Le fait de confirmer ou de nier l’existence de documents peut compromettre des enquêtes

Plainte : S’appuyant sur le paragraphe 10(2), le Service canadien du renseignement de sécurité (SCRS) a refusé de confirmer ou de nier qu’il possédait des documents concernant des personnes en particulier.

Enquête : Le Commissariat à l’information du Canada s'est demandé si le fait que le SCRS confirme ou nie qu’il possède des documents concernant des personnes en particulier pourrait vraisemblablement risquer de porter préjudice à son travail d'enquête sur des menaces pour la sécurité nationale du Canada.

Résultat : Le Commissariat convient qu’il était raisonnable pour le SCRS d’invoquer le paragraphe 10(2) dans un tel contexte.

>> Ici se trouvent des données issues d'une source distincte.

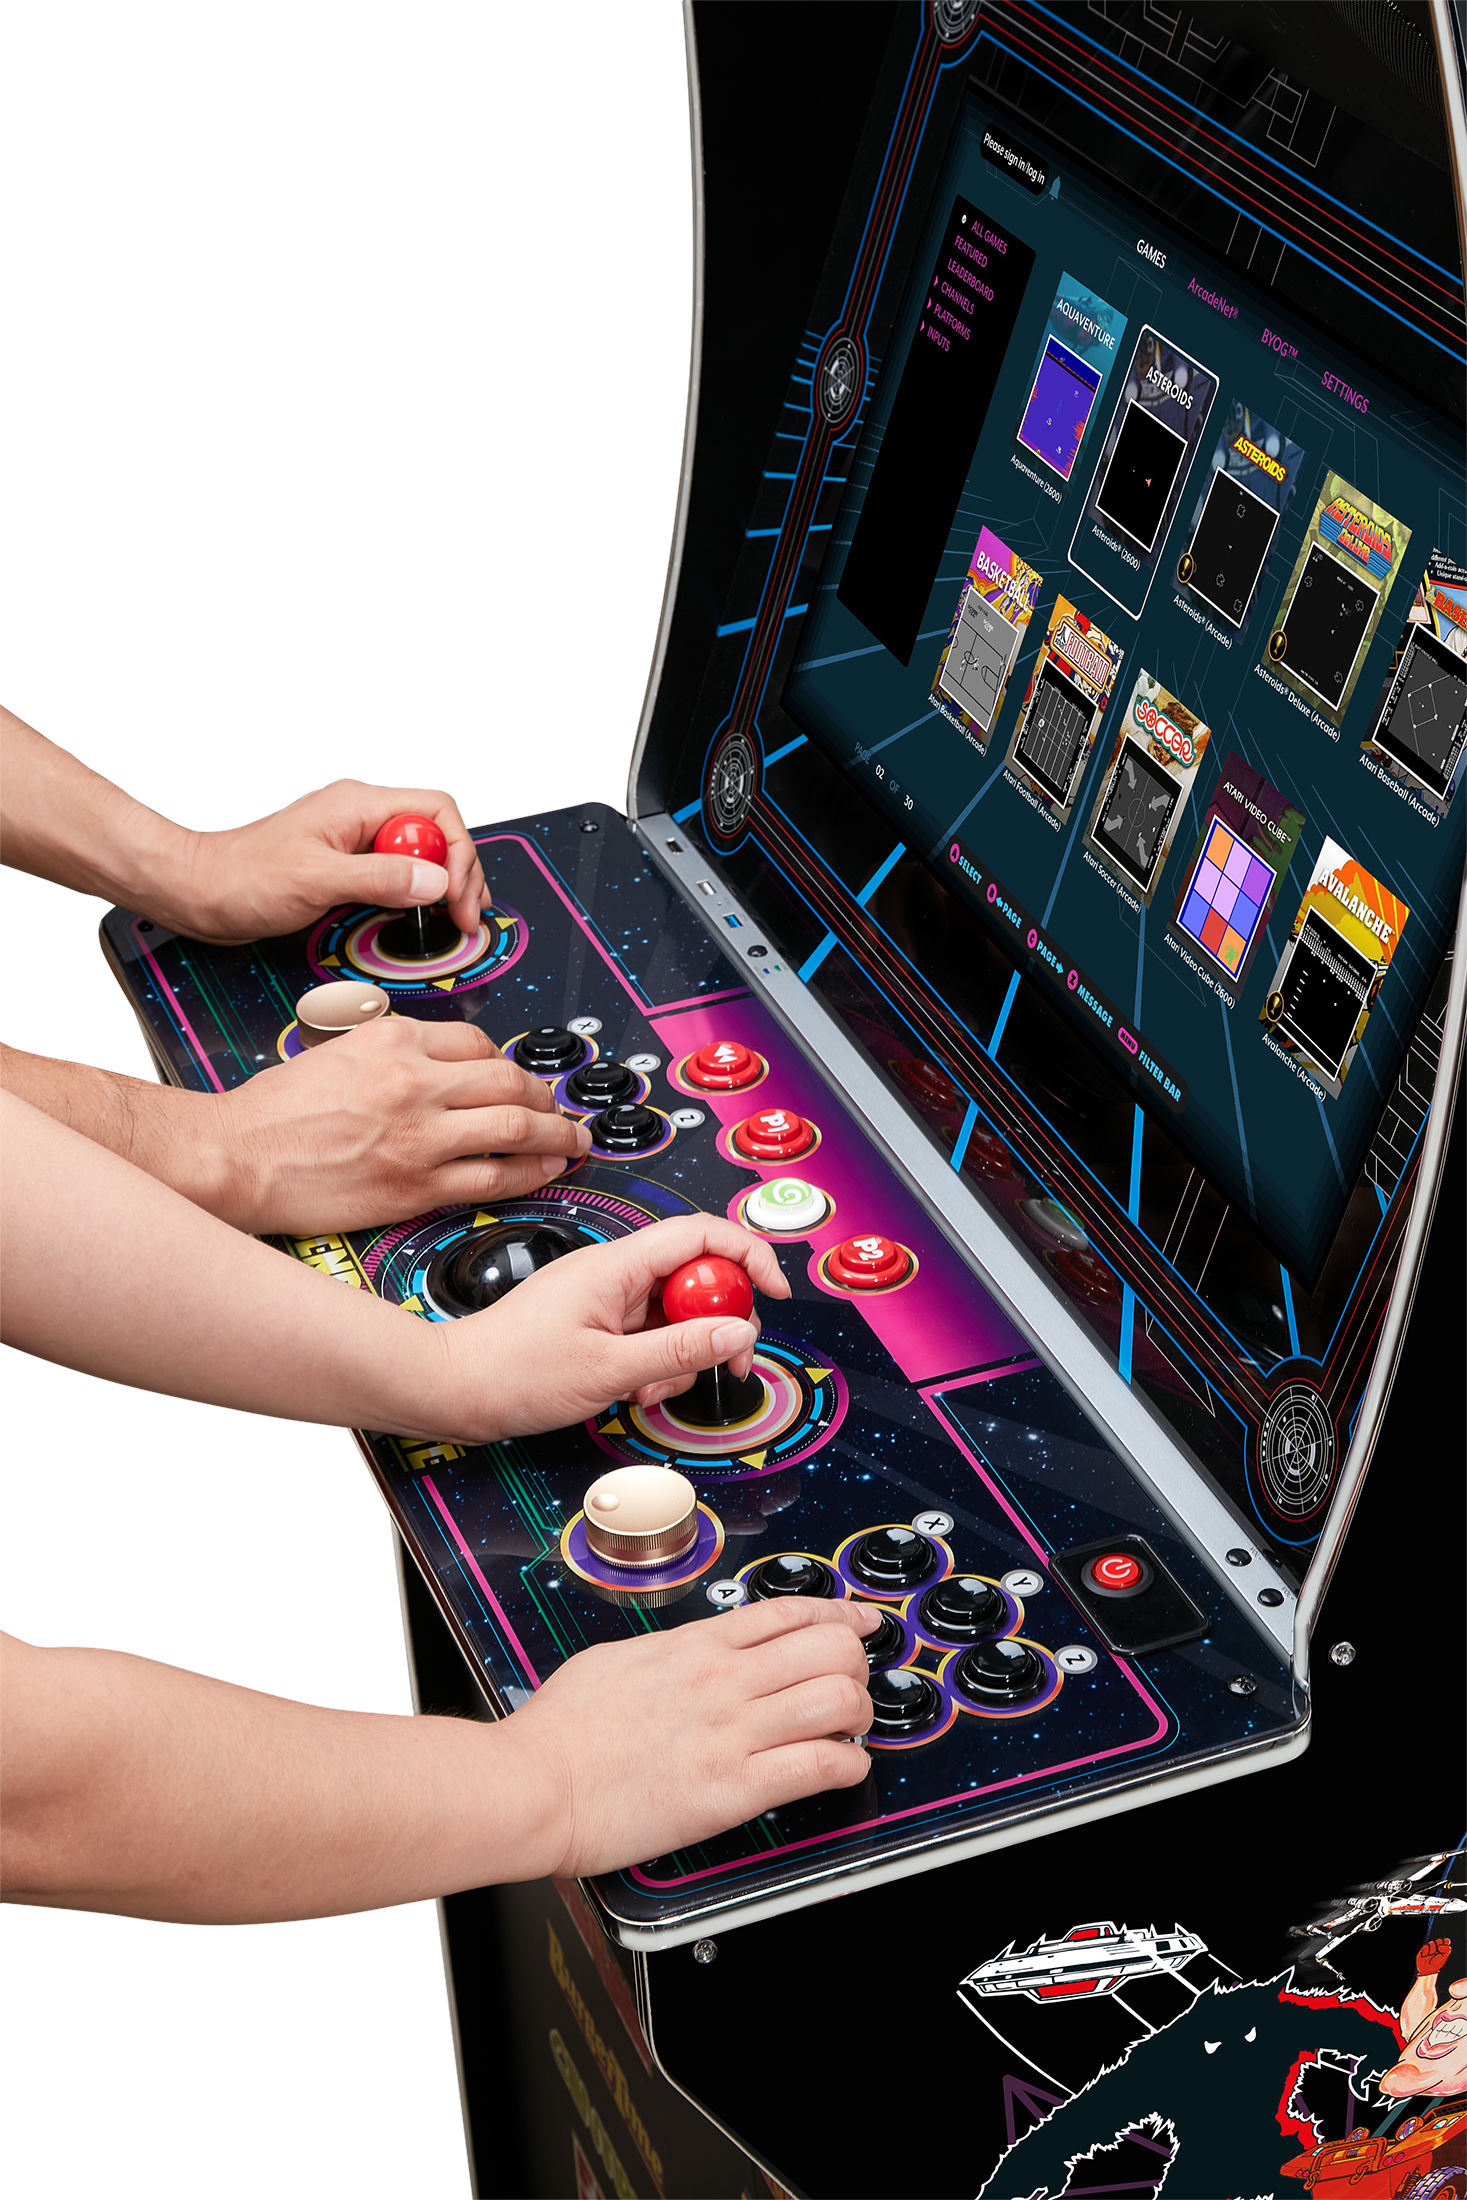 Arkademaskine - AtGames Legends Ultimate Arcade 1.1 (300 spil) AtGames
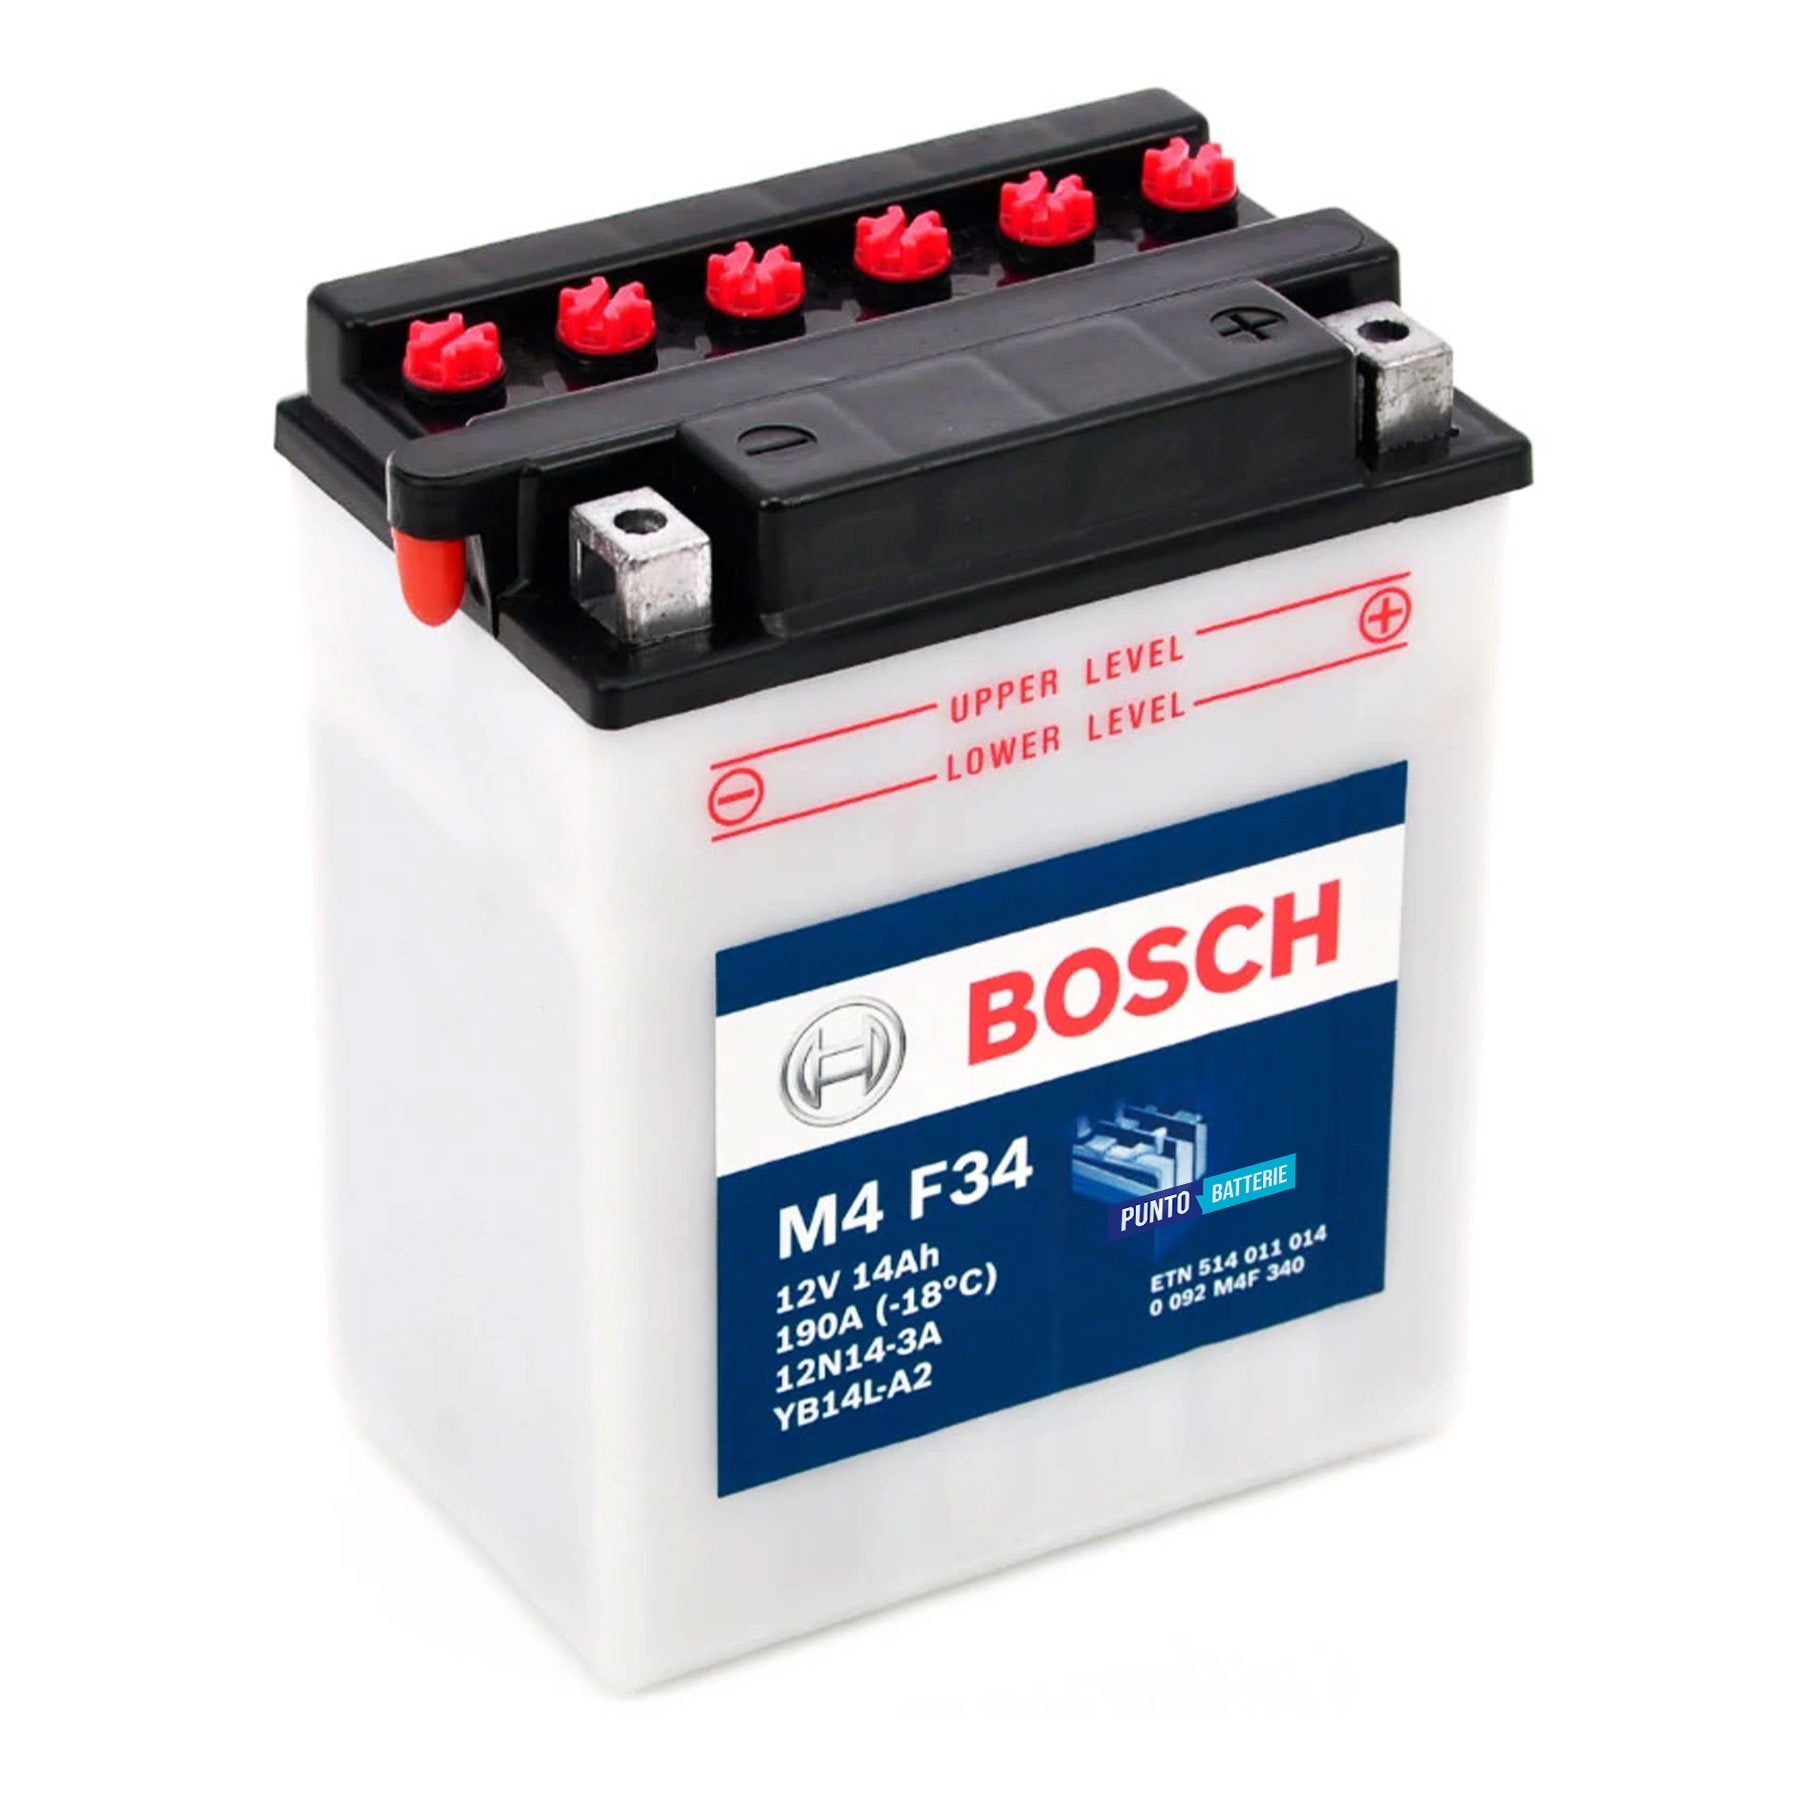 Batteria originale Bosch M4 M4F34, dimensioni 134 x 89 x 145, polo positivo a destra, 12 volt, 14 amperora, 190 ampere. Batteria per moto, scooter e powersport.

Prise de position de la commissaire à l’information

  • À moins que l’existence ou la non-existence des documents n’ait déjà été révélée ailleurs, notamment devant un tribunal, la confirmation par le SCRS du fait qu’il possède ou non des documents sur des personnes en particulier pourrait éventuellement porter préjudice à son travail d’enquête. Dans un tel contexte, il était raisonnable pour le SCRS d’invoquer le paragraphe 10(2).
  • La Cour fédérale a validé l’approche du SCRS dans la décision VB c. Canada (Procureur général), 2018 CF 394.